• Problem requirements:
Beneath this instruction is a listing; print exactly the lines in it starting at the line that contains "atticus-summit-tradeshow-banners" and going through the line that contains "8e3ab78b2b Lyst - American".

• Exercise data:
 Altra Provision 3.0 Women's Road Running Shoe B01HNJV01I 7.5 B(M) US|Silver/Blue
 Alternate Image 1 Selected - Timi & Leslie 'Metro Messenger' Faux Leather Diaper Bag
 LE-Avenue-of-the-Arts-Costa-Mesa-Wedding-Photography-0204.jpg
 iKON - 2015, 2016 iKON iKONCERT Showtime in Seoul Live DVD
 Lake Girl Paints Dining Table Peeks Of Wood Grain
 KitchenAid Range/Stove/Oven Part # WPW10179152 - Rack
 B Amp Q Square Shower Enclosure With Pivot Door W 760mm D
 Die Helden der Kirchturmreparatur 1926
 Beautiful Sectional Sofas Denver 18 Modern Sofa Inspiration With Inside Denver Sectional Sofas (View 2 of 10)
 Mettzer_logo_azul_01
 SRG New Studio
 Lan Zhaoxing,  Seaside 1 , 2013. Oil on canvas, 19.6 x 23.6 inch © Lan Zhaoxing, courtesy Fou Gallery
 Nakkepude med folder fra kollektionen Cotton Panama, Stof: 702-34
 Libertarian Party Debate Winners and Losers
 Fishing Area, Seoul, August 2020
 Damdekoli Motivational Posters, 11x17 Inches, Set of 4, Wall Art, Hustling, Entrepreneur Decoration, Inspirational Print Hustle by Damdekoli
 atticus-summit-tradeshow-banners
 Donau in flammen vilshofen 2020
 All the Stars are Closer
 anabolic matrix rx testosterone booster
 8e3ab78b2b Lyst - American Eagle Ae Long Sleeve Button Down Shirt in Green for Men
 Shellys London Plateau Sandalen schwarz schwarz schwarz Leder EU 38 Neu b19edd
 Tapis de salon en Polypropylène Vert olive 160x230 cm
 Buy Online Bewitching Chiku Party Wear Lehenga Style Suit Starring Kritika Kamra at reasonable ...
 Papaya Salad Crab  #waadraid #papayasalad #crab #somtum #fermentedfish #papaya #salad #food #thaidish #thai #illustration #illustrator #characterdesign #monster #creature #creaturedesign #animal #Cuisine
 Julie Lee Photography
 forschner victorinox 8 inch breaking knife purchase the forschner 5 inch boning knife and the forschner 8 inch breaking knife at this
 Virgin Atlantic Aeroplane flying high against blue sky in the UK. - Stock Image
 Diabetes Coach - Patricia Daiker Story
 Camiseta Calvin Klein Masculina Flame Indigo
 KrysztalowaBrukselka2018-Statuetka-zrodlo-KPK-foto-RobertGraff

• Answer space:
 atticus-summit-tradeshow-banners
 Donau in flammen vilshofen 2020
 All the Stars are Closer
 anabolic matrix rx testosterone booster
 8e3ab78b2b Lyst - American Eagle Ae Long Sleeve Button Down Shirt in Green for Men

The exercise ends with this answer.